INFORMATION SHOWN:
'''
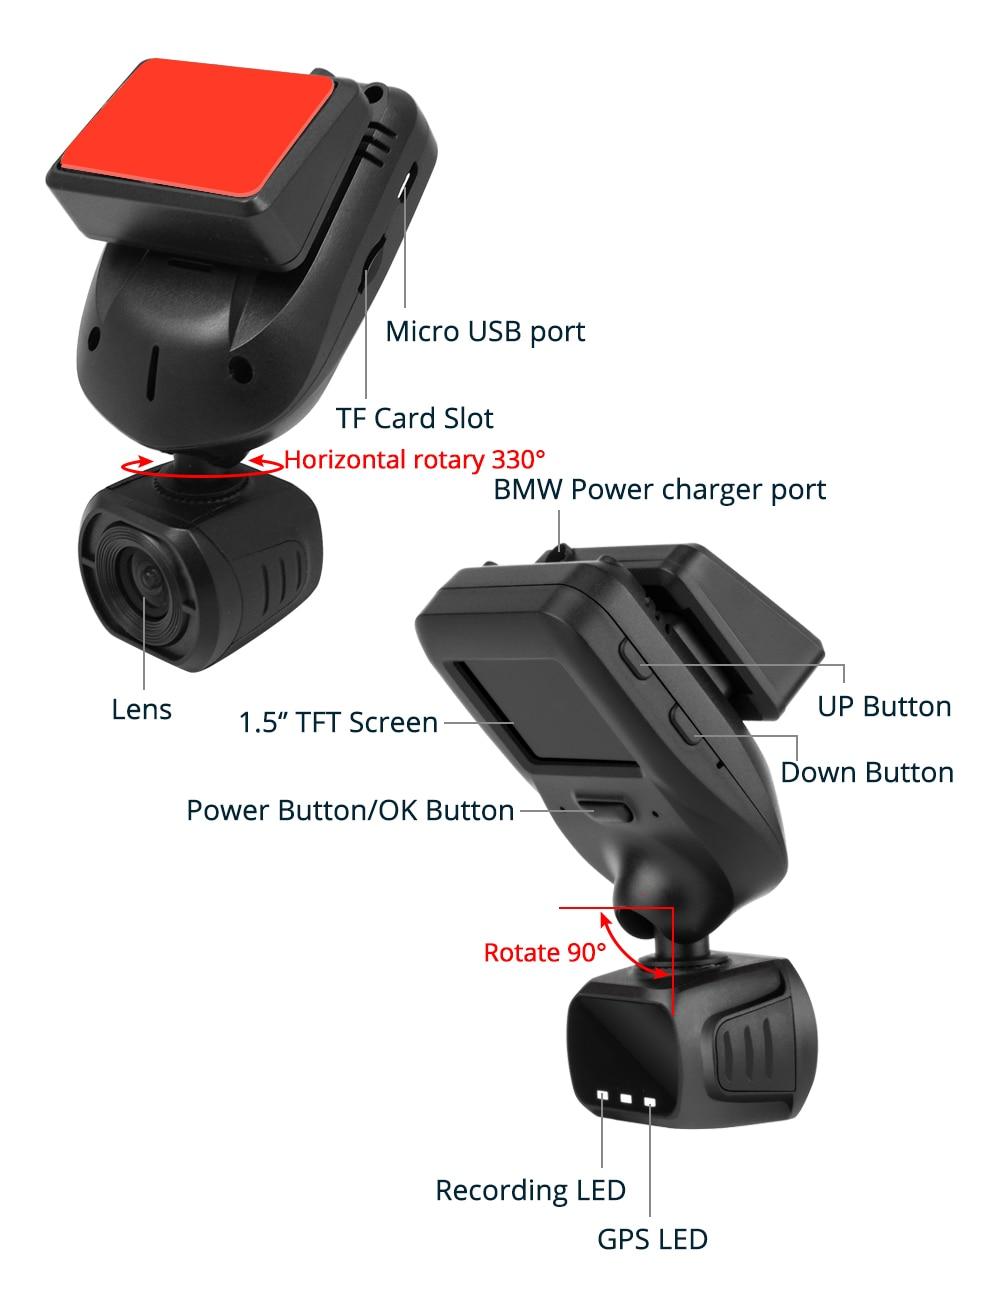 Conkim Nieuwe Collectie Mini Q9 Dash Camera Auto DVR Condensator 1296P 1080P Full HD Verborgen Auto Camera GPS LDWS Parking Modus + 32GB TF - 4
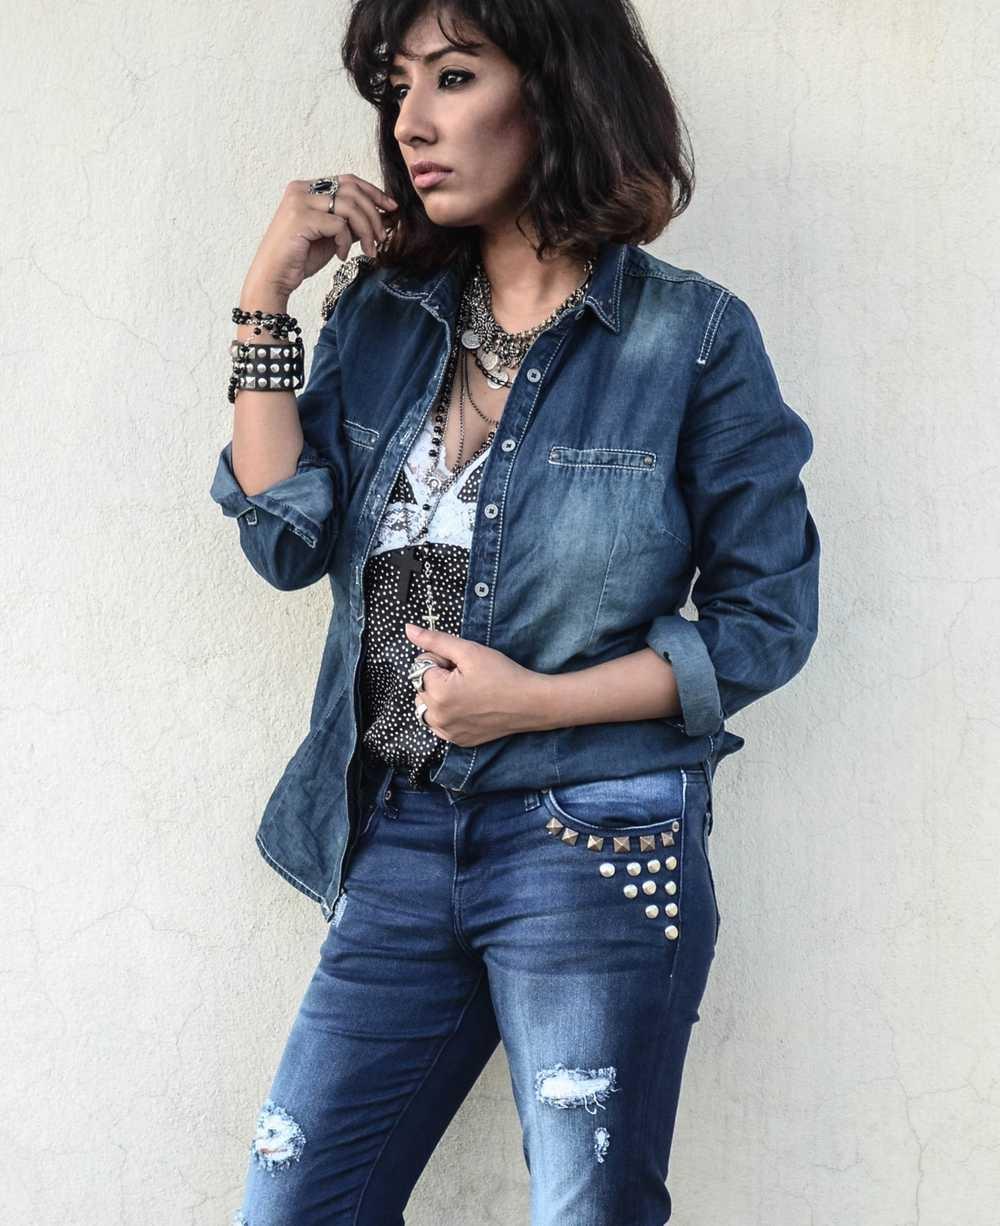 Denim Outfit - langkung.com
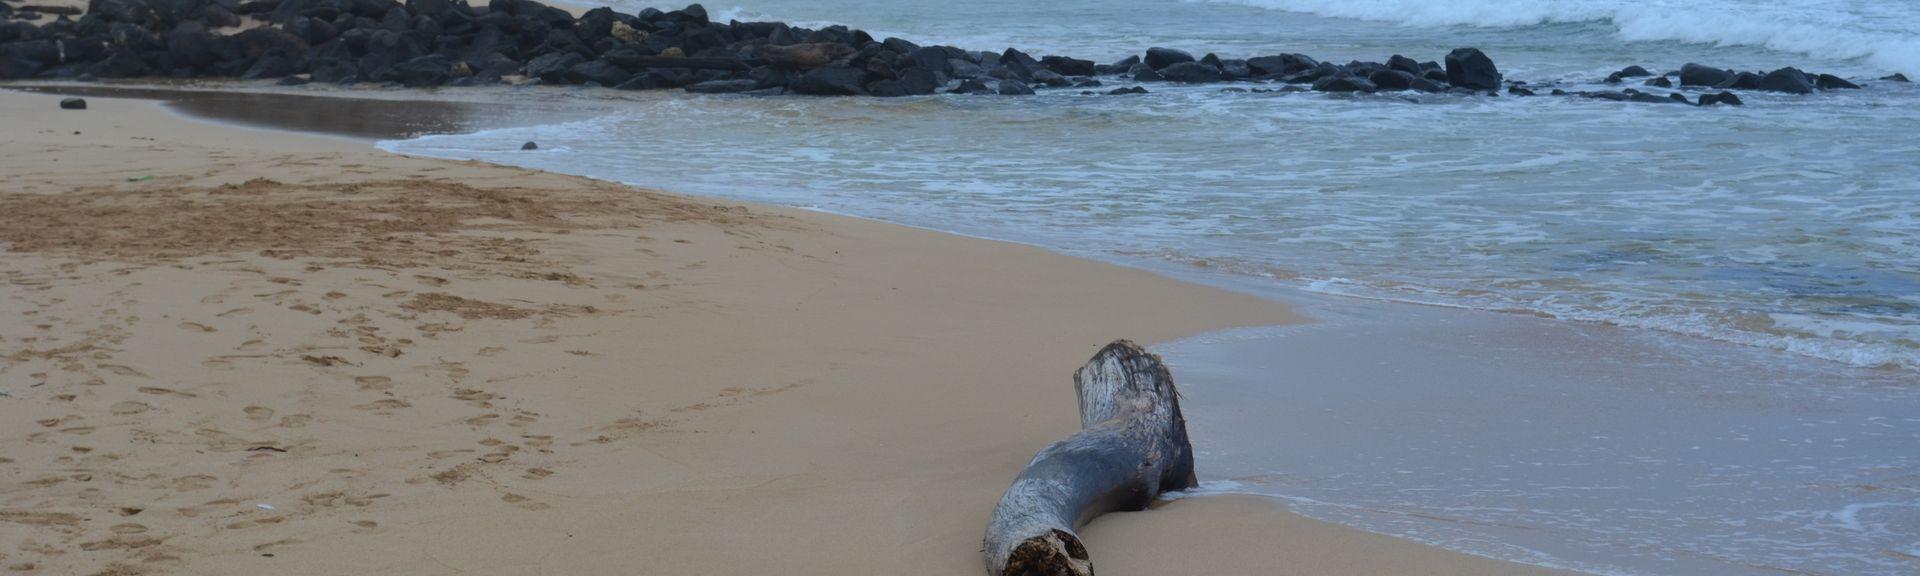 Kauai Beach Resort (Hanamaulu, Hawái, Estados Unidos)
'''
Which lines run from the one containing "Denim Outfit - langkung.com" to the end of the data above? Set down those lines exactly, and only those, without any pictures.

REPLY:
 Denim Outfit - langkung.com
 Kauai Beach Resort (Hanamaulu, Hawái, Estados Unidos)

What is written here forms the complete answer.